__Directions__
Take the lines below between the one holding "Sito istituzionale Parmigiano" and the one holding "دانلود آهنگ جدید", inclusive, and copy them exactly. Add nothing.

··· Available data ···

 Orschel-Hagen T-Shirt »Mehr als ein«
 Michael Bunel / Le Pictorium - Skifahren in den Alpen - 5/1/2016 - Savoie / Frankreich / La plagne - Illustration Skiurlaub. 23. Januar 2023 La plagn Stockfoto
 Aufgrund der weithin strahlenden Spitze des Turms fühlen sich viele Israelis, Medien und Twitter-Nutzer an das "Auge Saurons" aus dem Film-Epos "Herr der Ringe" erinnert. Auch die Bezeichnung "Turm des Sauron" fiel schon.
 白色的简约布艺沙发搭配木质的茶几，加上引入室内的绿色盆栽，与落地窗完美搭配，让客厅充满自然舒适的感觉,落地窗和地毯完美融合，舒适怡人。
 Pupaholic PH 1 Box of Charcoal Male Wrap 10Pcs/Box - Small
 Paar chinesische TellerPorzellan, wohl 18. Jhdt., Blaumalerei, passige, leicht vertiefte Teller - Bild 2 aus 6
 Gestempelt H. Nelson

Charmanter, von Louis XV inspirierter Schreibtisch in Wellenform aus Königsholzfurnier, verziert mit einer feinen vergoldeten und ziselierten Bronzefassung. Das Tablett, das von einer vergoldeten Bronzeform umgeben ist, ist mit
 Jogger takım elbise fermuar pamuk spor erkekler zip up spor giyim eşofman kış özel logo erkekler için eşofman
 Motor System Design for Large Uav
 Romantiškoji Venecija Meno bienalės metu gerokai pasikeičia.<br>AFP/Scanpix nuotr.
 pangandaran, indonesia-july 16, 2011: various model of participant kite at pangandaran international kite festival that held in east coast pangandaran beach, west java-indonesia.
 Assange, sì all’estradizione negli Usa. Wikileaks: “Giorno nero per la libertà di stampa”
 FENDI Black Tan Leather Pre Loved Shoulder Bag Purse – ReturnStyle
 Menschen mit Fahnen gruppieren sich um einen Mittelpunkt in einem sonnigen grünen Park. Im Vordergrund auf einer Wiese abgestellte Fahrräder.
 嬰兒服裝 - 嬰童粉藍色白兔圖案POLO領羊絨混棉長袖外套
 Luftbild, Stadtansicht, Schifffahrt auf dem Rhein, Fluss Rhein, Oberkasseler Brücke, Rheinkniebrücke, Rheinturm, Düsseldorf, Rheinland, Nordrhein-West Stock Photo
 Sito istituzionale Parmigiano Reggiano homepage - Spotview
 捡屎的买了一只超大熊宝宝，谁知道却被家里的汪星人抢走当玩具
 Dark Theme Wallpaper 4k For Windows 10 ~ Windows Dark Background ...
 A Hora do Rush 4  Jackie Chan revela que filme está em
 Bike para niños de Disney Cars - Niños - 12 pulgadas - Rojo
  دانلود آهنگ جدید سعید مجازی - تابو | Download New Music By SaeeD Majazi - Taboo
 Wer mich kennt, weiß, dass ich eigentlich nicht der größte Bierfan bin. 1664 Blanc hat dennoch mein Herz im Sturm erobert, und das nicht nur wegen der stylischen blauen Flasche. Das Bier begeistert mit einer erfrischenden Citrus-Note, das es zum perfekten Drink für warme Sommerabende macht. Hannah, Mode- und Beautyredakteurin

···

__Written answer__
 Sito istituzionale Parmigiano Reggiano homepage - Spotview
 捡屎的买了一只超大熊宝宝，谁知道却被家里的汪星人抢走当玩具
 Dark Theme Wallpaper 4k For Windows 10 ~ Windows Dark Background ...
 A Hora do Rush 4  Jackie Chan revela que filme está em
 Bike para niños de Disney Cars - Niños - 12 pulgadas - Rojo
  دانلود آهنگ جدید سعید مجازی - تابو | Download New Music By SaeeD Majazi - Taboo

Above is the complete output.